Автор: Москвина Татьяна Владимировна
Жанр:

 

 


А ведь жанровое кино-это достаточно конкретное понятие. И мы понимаем, что сфера жанрового кино-одна из важнейших в мировом кинопроцессе. Поэтому мы не можем делать вид, дескать, не знаем, насколько она чувствительна к качеству фильма, к уровню профессионализма всей постановочной группы-от продюсеров до специалистов по компьютерным спецэффектам. Да, художественные достоинства жанрового кино лежат в иной плоскости, нежели у кинематографа авторского. Но они, несомненно, имеются, иначе у этих фильмов не было бы зрителя.

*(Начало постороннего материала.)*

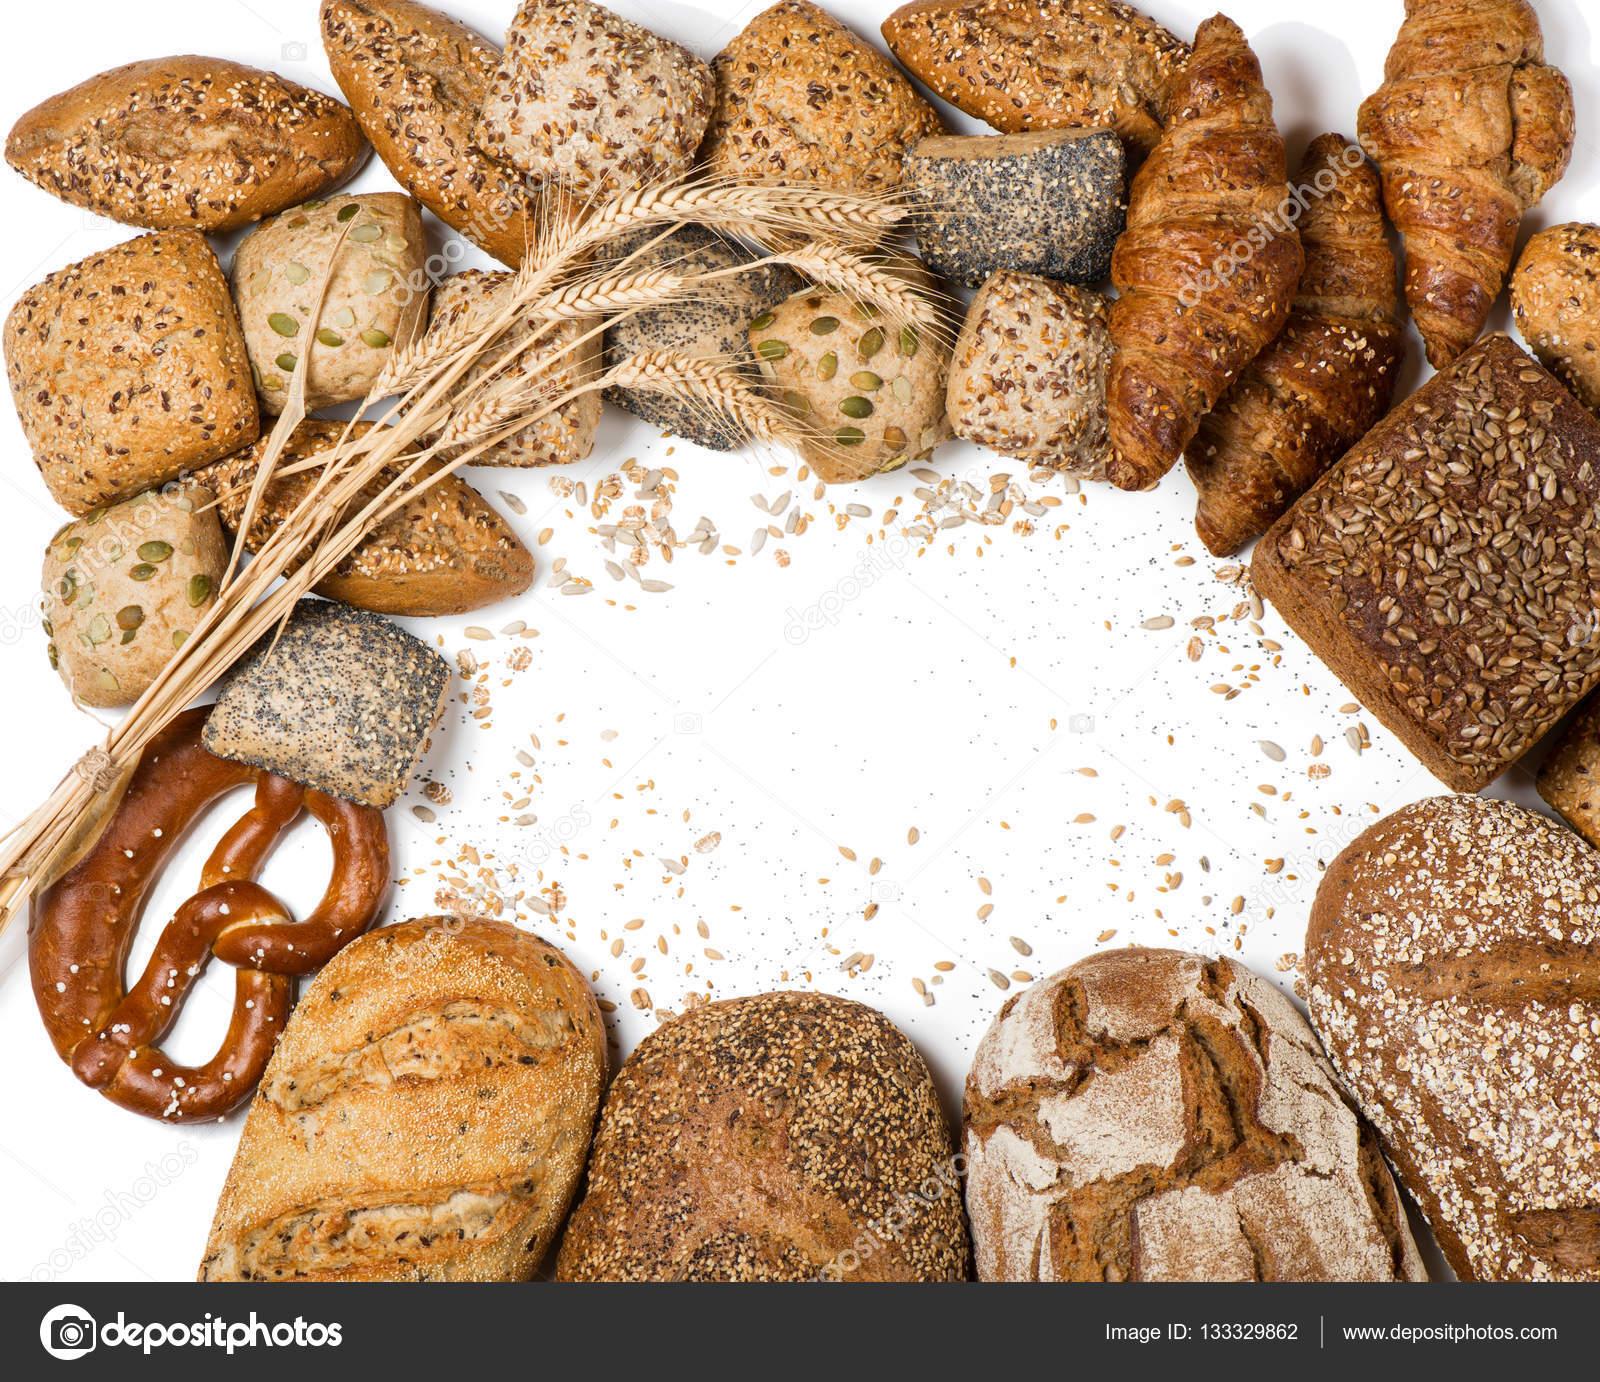 Cornice di vari tipi di pane e panini sopra la vista foto stock denira 133329862 - Diversi tipi di pane ...

      У российского зрителя есть запрос, вызванный именно потребностью в качественном жанровом кино. Следовательно, кинематографисты должны на этот запрос ответить. Эта ситуация в ближайшие годы как-то разрешится и без нашего участия. А вот мы с вами сейчас не без ханжества делаем вид, будто нам неизвестно, что зрители бывают разные. Какому-то их числу-причем, весьма небольшому-фильм нужен для того, чтобы удовлетворять личные эстетические потребности и амбиции. Но большинству зрителей нужно именно кино жанровое. Нужно набраться смелости и признать: с того момента, когда мы открылись мировому кинопроцессу, востребованными публикой оказывались не те фильмы, которые любят критики, а «Властелин колец», «Матрица», «Звездные войны», военные фильмы, мелодрамы, молодежные комедии. Хотим мы этого или не хотим, но зритель во всем мире хоть и отличается национальной спецификой, но запросы у него примерно схожие: он хочет смотреть только то, что хочет.

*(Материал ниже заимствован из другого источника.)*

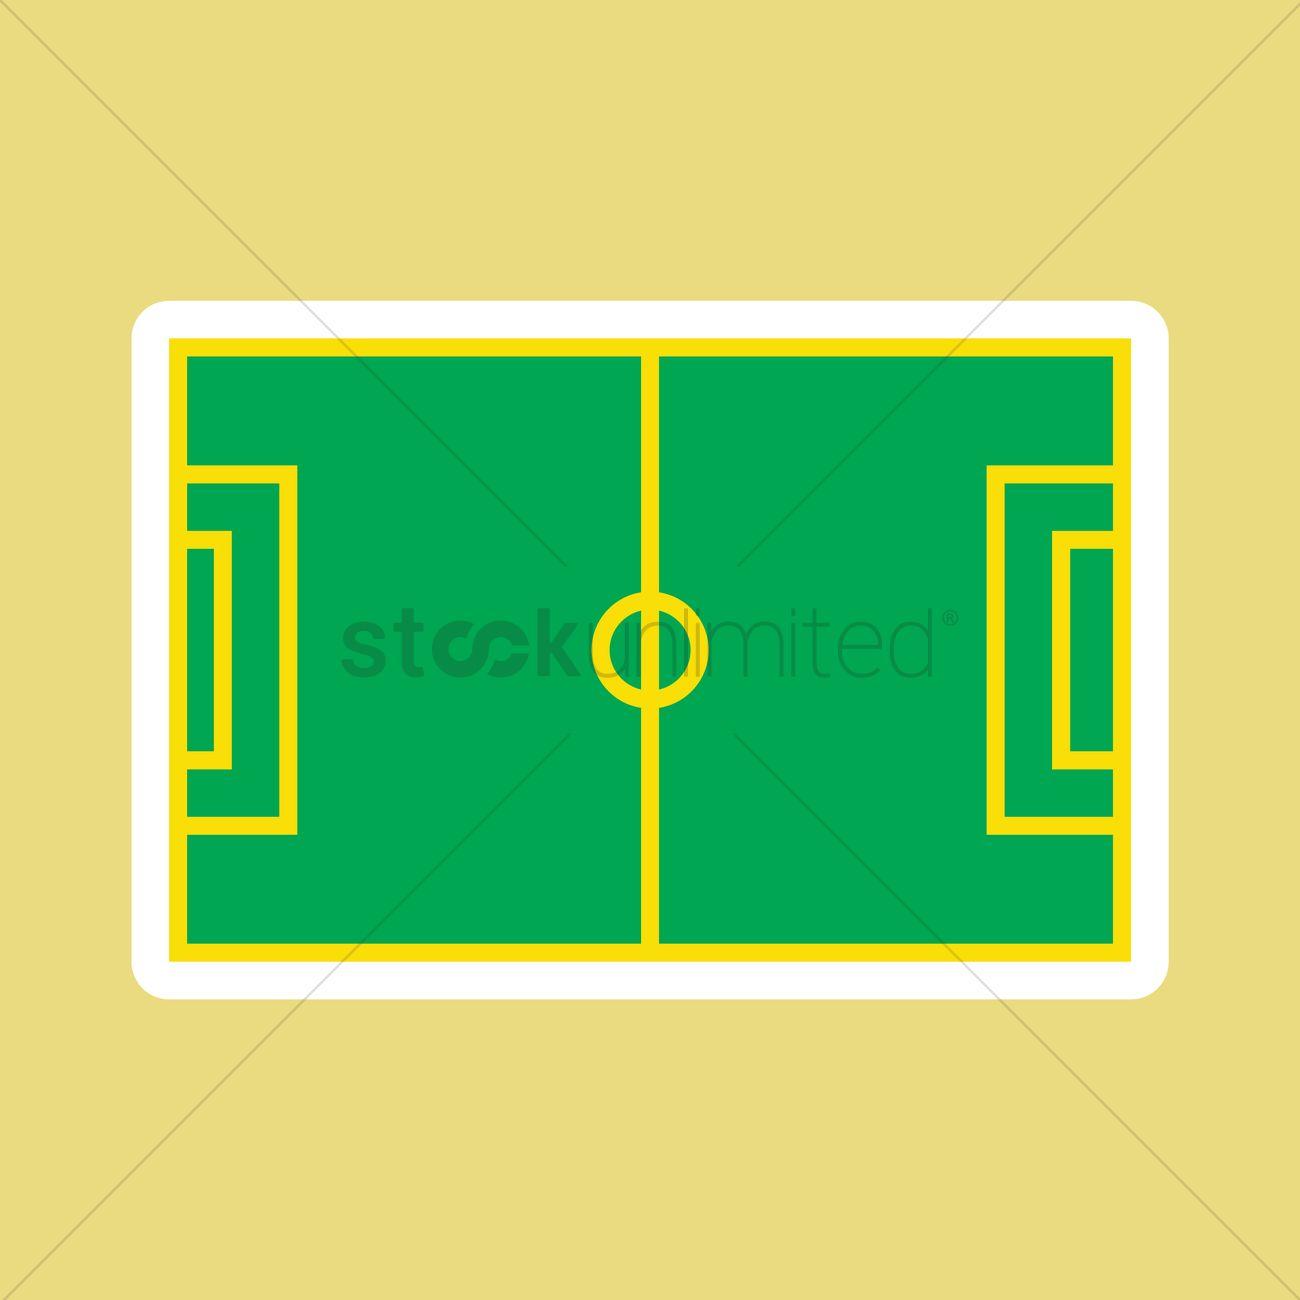 football field vector image 1571633 stockunlimited rh stockunlimited com football field vector free download football field clipart vector

      Конечно, жанровое кино-это территория массовой культуры. Массовый потребитель экранных зрелищ-это тот зритель, благодаря которому полнится копилка проката, благодаря которому формируется структура кинопроизводства, и, благодаря вкладу которого-голосованию рублем, долларом или какой-то другой валютой,-киноискусство способно развиваться. Было бы наивным полагать, что все технологические открытия в нашем искусстве осуществляются силами, а главное, за счет доходов от проката шедевров авторского кино. Напротив, вся технологическая сторона обновления кинопроизводства связана именно со сферой жанрового кинематографа.
      Татьяна Москвина говорила абсолютно справедливые вещи о менталитете наших начинающих кинематографистов. Похоже, сейчас для любого начинающего режиссера жанр-это дубина. Он ненавидит любой жанр, зачастую не понимая даже, почему. Он не знает, какие требования предъявить к оператору боевика или, к примеру, звукорежиссеру триллера, тогда как в этом жанре нужна особая работа над саундтреком. Думаю, что через жанровое кино проходит торный путь начинающих кинематографистов к вершинам своих профессий.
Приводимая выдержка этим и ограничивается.